Smart contract overview

The decentralization of the BlockFood platform relies on the use of smart contracts. The goal of the smart contract is to act as an automated referee to customers, restaurants and couriers. It allows the transactions to be verified and secured without the need of a third party.

While BlockFood will ease the use of the smart contracts and will still be a centralization point for some information used in the platform, the smart contracts will be completely open and anyone will be able to create them without BlockFood interference. The openness of the API will ensure this independence.

The smart contracts will have the following lifecycle:

  1. Create order: a customer selects a restaurant, a courier and some items from the restaurant. The contract has to be created with the correct amount of BFT for the order to be valid. At this point, the smart contract holds all the information in order for the restaurant to be aware that a valid order has been issued.
  2. New order: the restaurant receives an event that a new order was created.
  3. Accept order: the restaurant can accept the order and issue an estimate of preparation time.
  4. Order ready:
    • Once the order is ready, the restaurant validates the completion.
    • The courier is then notified.
  5. Pick-up order: the courier picks up the order and calls a specific function from the smart contract to prove his identity and ensure the courier met the restaurant.
  6. Order delivered: the courier delivers the order to the customer and calls another specific function from the smart contract giving information that proves the courier met the customer.
  7. Order finalized: once the "order delivered" function has been called, the smart contract enters the "order finalized" state which will signal the completion of the order.
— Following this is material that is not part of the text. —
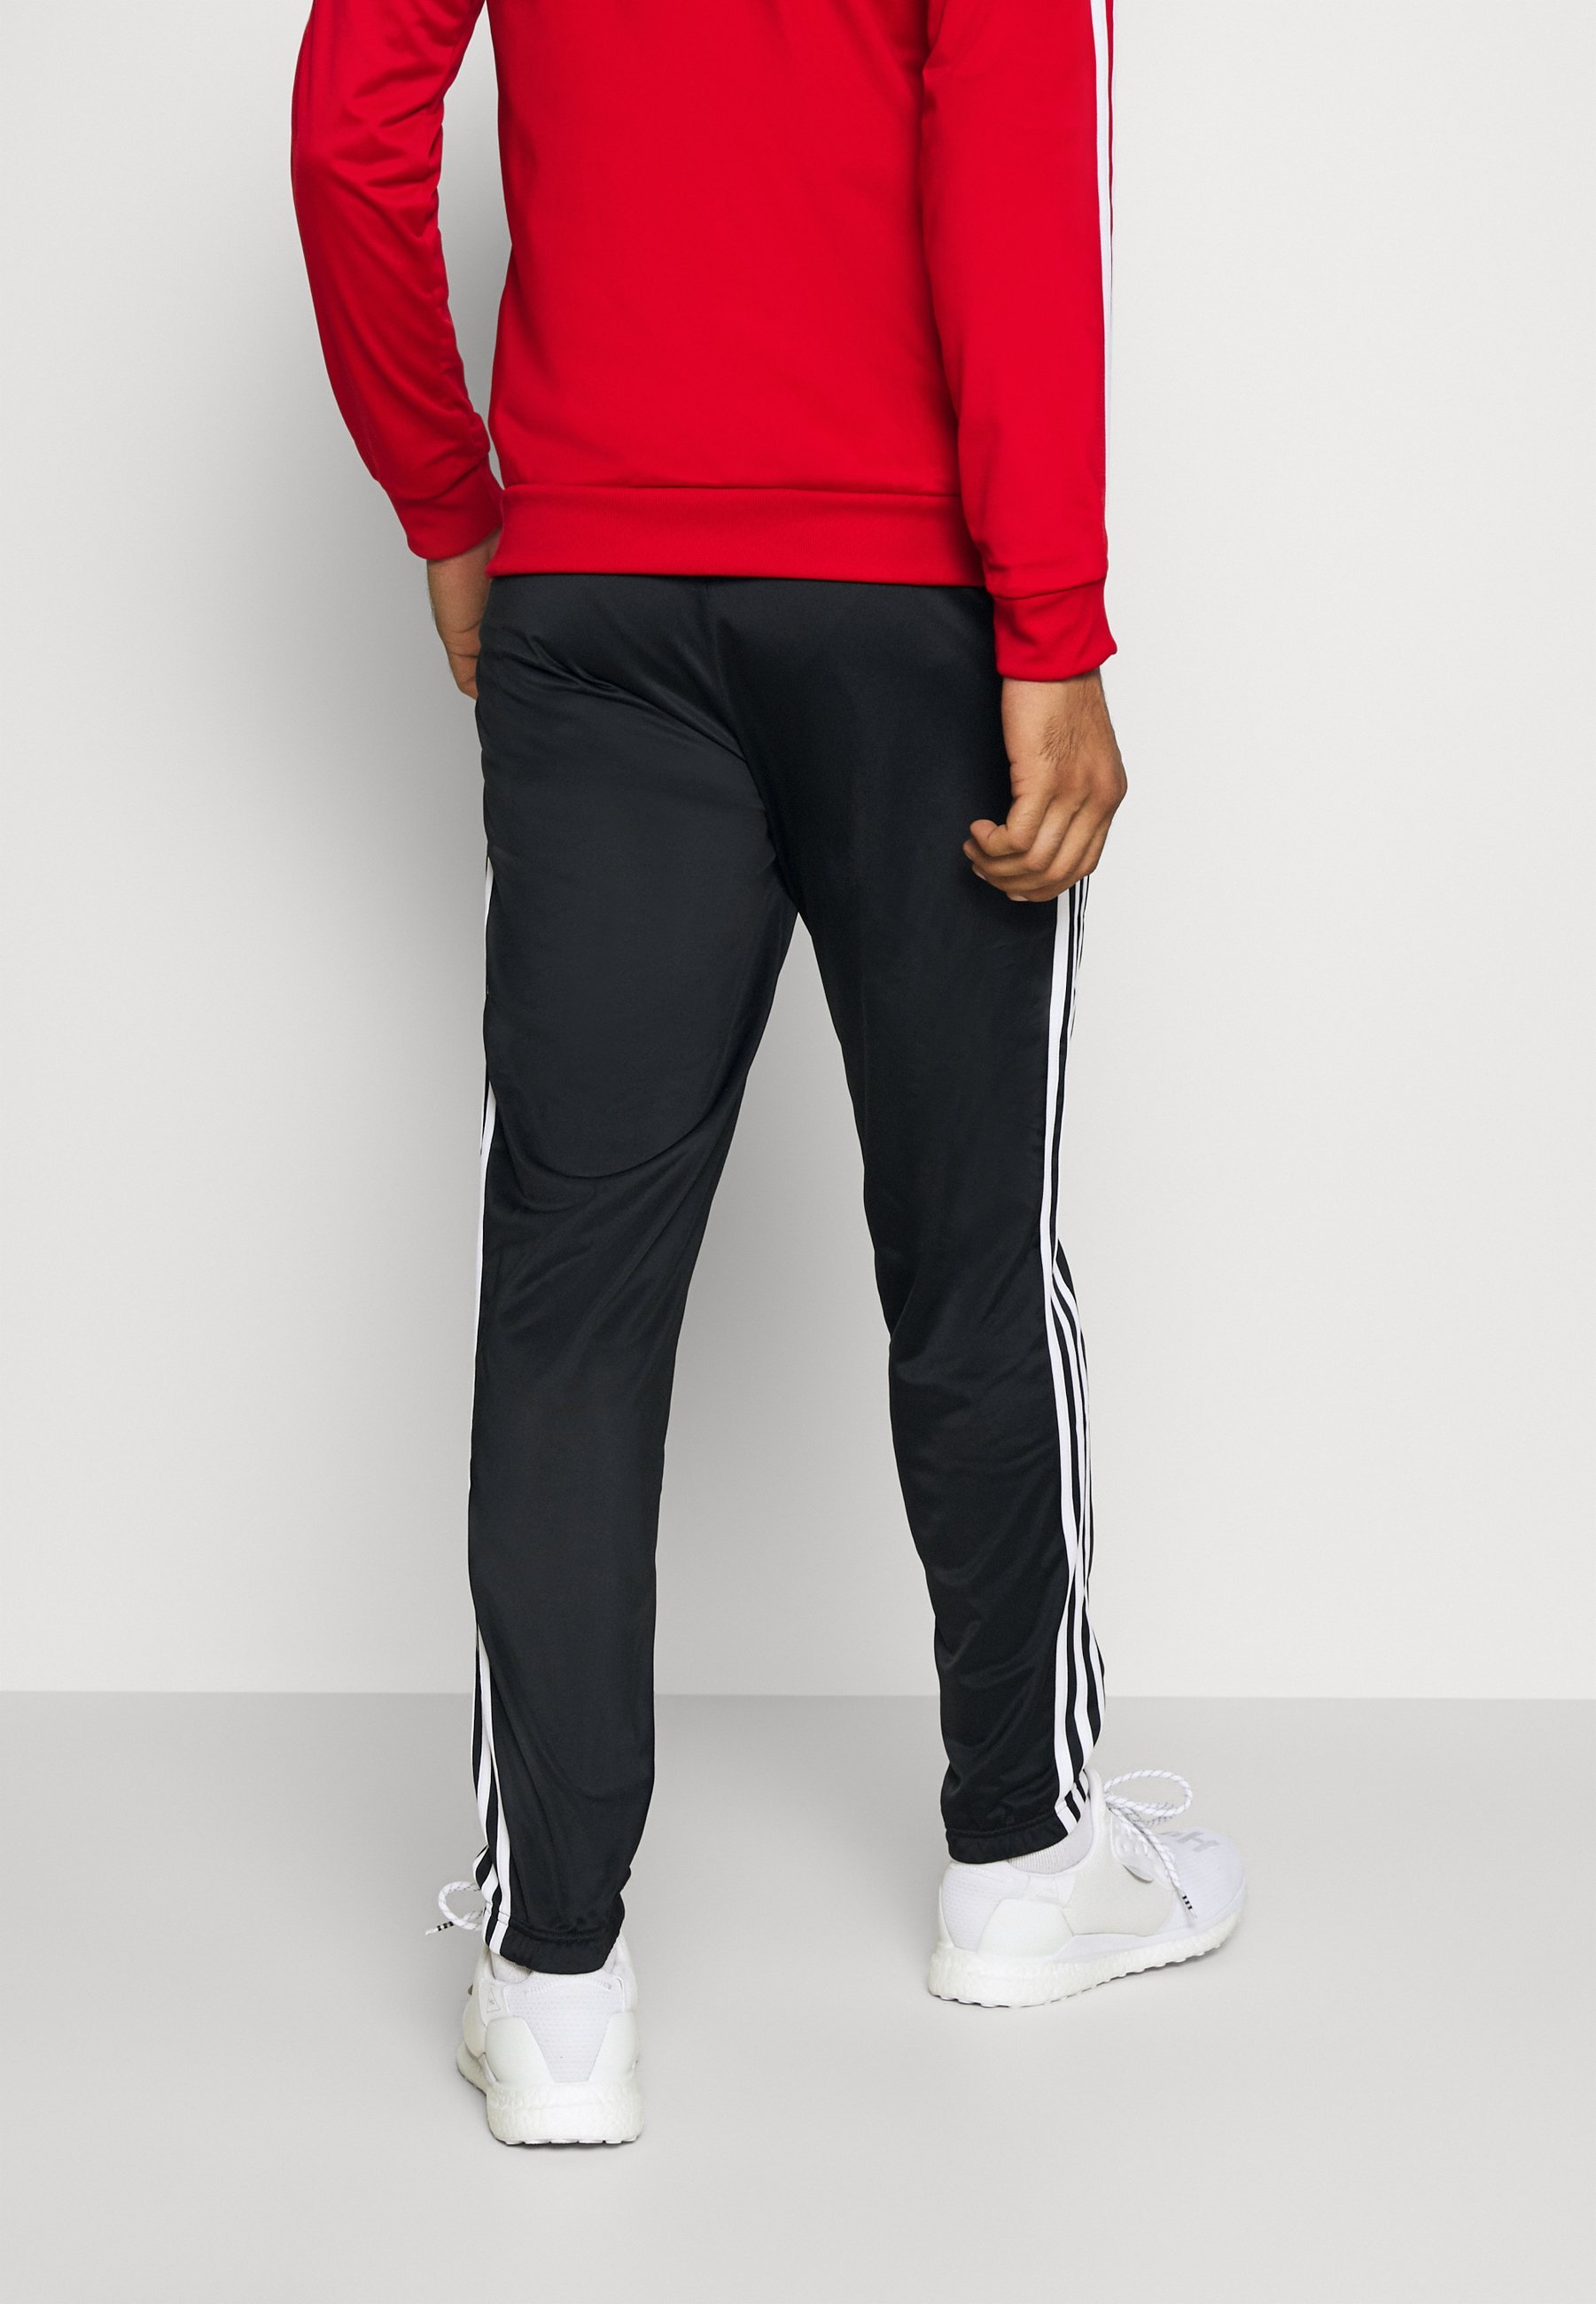 Adidas Performance Set - Dres Scarle/black/white

At this point the smart contract initially loaded with BFT redistributes all BFT to the actors: the restaurant, the courier, the BlockFood platform and the BlockFood ambassador.

The smart contract described here is a simplified version with only the nominal path. Many pitfalls will be identified during the beta test period and BlockFood will address them promptly.

Smart contract settlement layer

The Ethereum networks requires a new block to be created to store a change in the state of a smart contract, which takes on average 14.67 seconds as of today (2017/11/28 - Since time interactions between actors must be minimized, waiting for the next block will not always be acceptable. This layer will speed up transactions while keeping the blockchain as the final authority.

The smart contract settlement layer will be used as an interface to speed up the smart contract state update, by acting as a light client of the Ethereum blockchain and focusing on BlockFood smart contracts.

If the smart contract function call is supposed to be a success, the settlement layer acknowledges the success and returns it under a second. If the actual call to the smart contract failed even though it should have succeeded, then an error event is raised. Otherwise a confirmation event is triggered since the smart contracts behaved as predicted.

To prevent security issues, every call to the settlement layer must be signed using user private key, as it would have been on the blockchain. Double calls will be made impossible with a fixed limitation of the number of calls between blocks.